Все мои фильмы так или иначе говорили и о том, что люди не одиноки и не заброшены в пустом мироздании — что они связаны бесчисленными нитями с прошлым и будущим, что каждый человек своею судьбой осуществляет связь с миром и всечеловеческим путем, если хотите… Но эта надежда на осмысленную значительность каждой отдельной жизни и каждого человеческого поступка бесконечно повышает ответственность индивида перед самым общим движением Жизни.

В мире, где угроза войны, способной уничтожить человечество, реальность, где социальные бедствия поражают своим размахом, а человеческие страдания вопиют, — необходимо искать пути друг к другу. Это святой долг человечества перед своим же собственным будущим и долг каждого в отдельности. Горчаков привязывается к Доменико, чувствуя внутреннюю потребность постараться оградить его от «общественного» мнения сытых и успокоенных эгоистичных слепцов, полагающих его всего лишь нелепым «безумцем». Хотя Горчаков не сумеет оградить Доменико от того пути, который он сам себе безжалостно предначертал, не прося у жизни, чтобы его «миновала чаша сия»…
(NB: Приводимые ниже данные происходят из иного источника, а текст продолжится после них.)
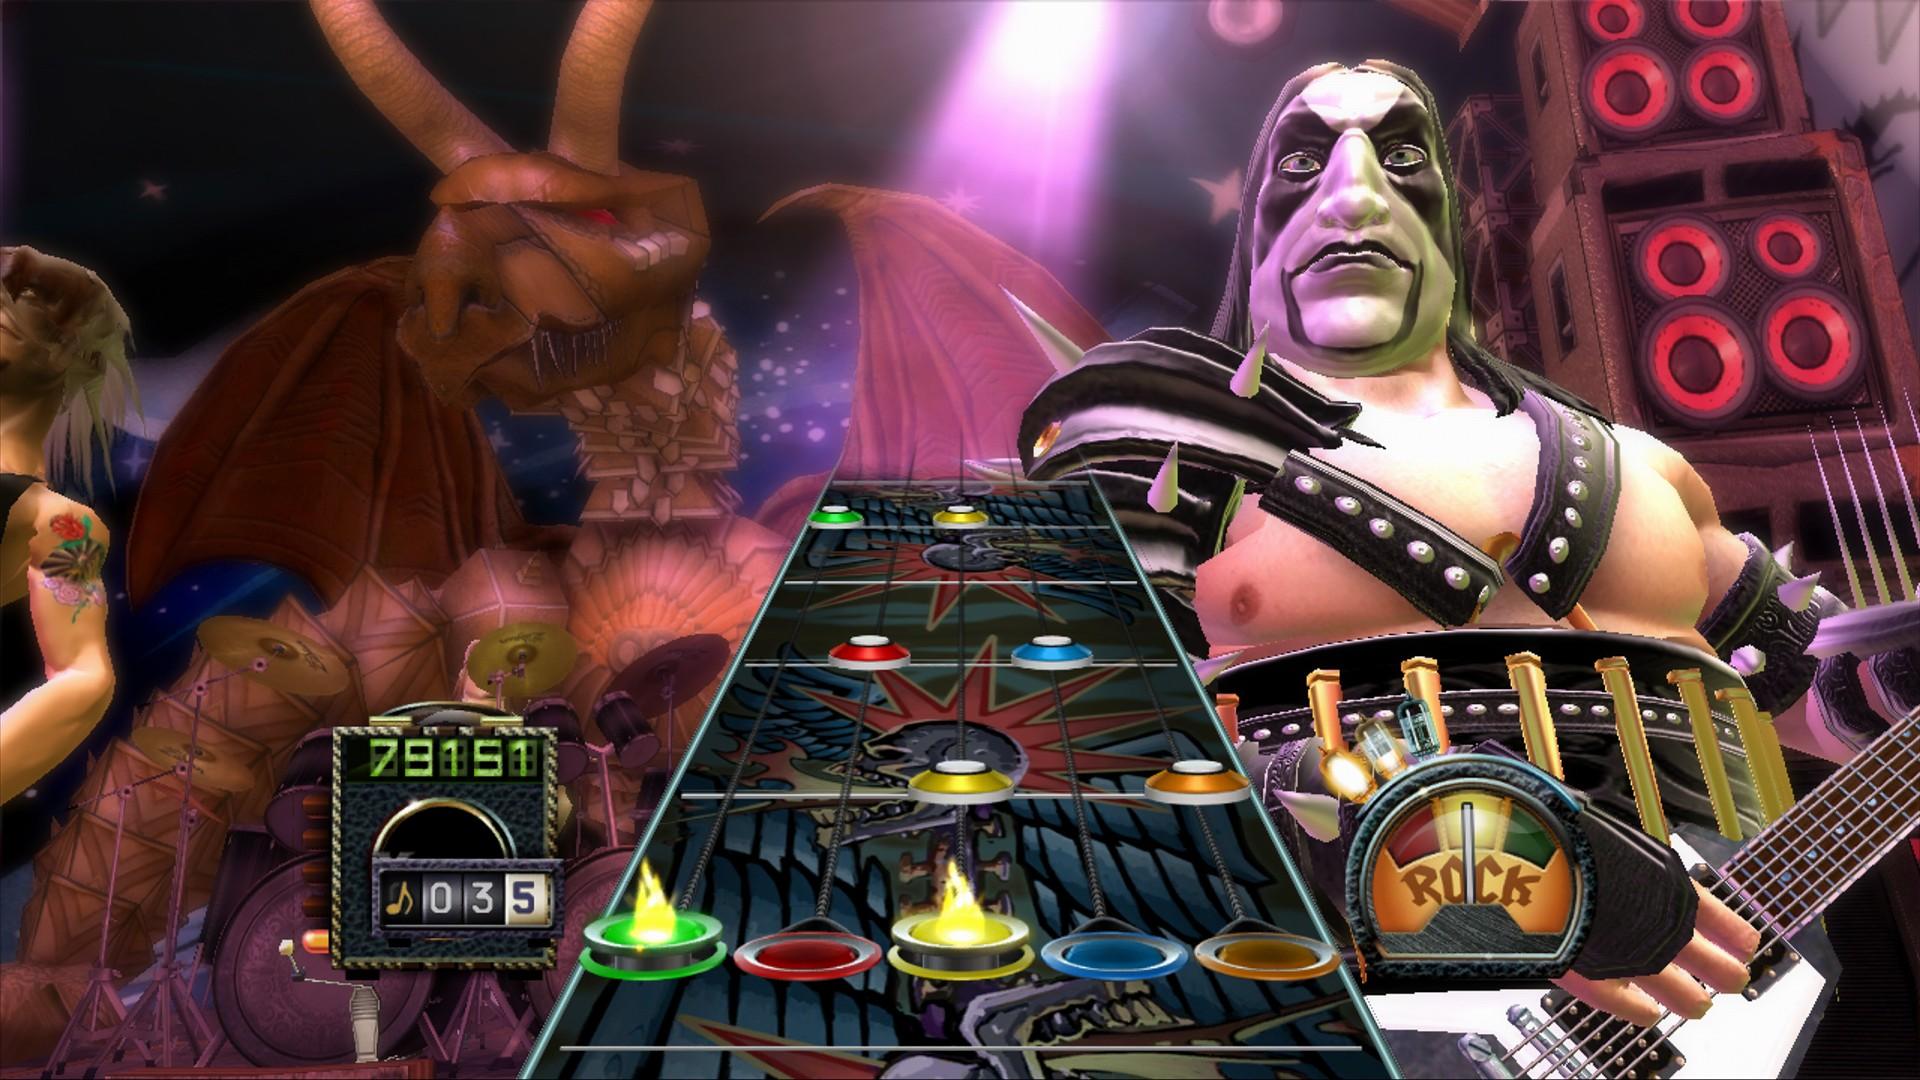 Guitar Hero 3 HD wallpapers, Desktop wallpaper - most viewed

Горчакова поражает детский максимализм Доменико, потому что он сам, как и все взрослые люди, в той или иной мере компромиссен — это условие жизни. Но Доменико решается на самосожжение, чтобы этим крайним, чудовищно атрактивным поступком продемонстрировать людям свое бескорыстие в безумной надежде, что они прислушаются к его последнему крику предостережения. Горчаков поражен поступком Доменико, его внутренней целостностью, почти святостью. В то время когда Горчаков только рефлектирует, переживая несовершенство жизни, Доменико берет на себя право реагировать и действовать самым решительным образом. Доменико чувствует свою действительную ответственность перед жизнью, если берет на себя смелость совершить такой поступок. А Горчаков на этом фоне оказывается всего лишь обывателем и тяготится сознанием собственной непоследовательности. Если угодно, смерть оправдывает его, обнаруживая глубину пережитых им терзаний…

Я писал о том, что меня поразило при просмотре материала передавшееся экрану мое собственное состояние, в котором я снимал «Ностальгию», — это глубокая, все более изнуряющая тоска вдали от дома, вдали от своих близких, пронизывающая каждое мгновение существования. Это становящееся фатальным, навязчивое ощущение своей зависимости от собственного прошлого — как все более невыносимый недуг, имя которому «Ностальгия»… Но я все же хотел бы предостеречь читателя против прямого отождествления автора с его лирическим героем — это было бы слишком прямолинейно. Использование в творчестве непосредственных жизненных впечатлений естественно — другим опытом мы, увы, не располагаем! Но заимствование даже из собственной жизни настроений и сюжетов все же чаще всего не дает оснований для идентификации художника с тем, что он делает. Возможно, это кого-то разочаровывает, но лирический опыт автора редко совпадает с его бытовыми, жизненными поступками.

Поэтическое авторское начало, будучи результатом переживания автором окружающей его действительности, может подниматься над этой действительностью, спорить с ней, входить в непримиримый конфликт. И что самое важное и всегда парадоксальное — не только с «внеположной действительностью», но и с действительностью в тебе самом. Например, как считают многие исследователи, Достоевский открывал бездны в себе самом — и его святые, равно как и негодяи, это как бы он сам… Но ни один персонаж не равен ему самому. Каждый характер итожил его жизненные впечатления и размышления, но ни один не вбирал в себя его как такового, во всей объемности и полноте его собственной человеческой индивидуальности.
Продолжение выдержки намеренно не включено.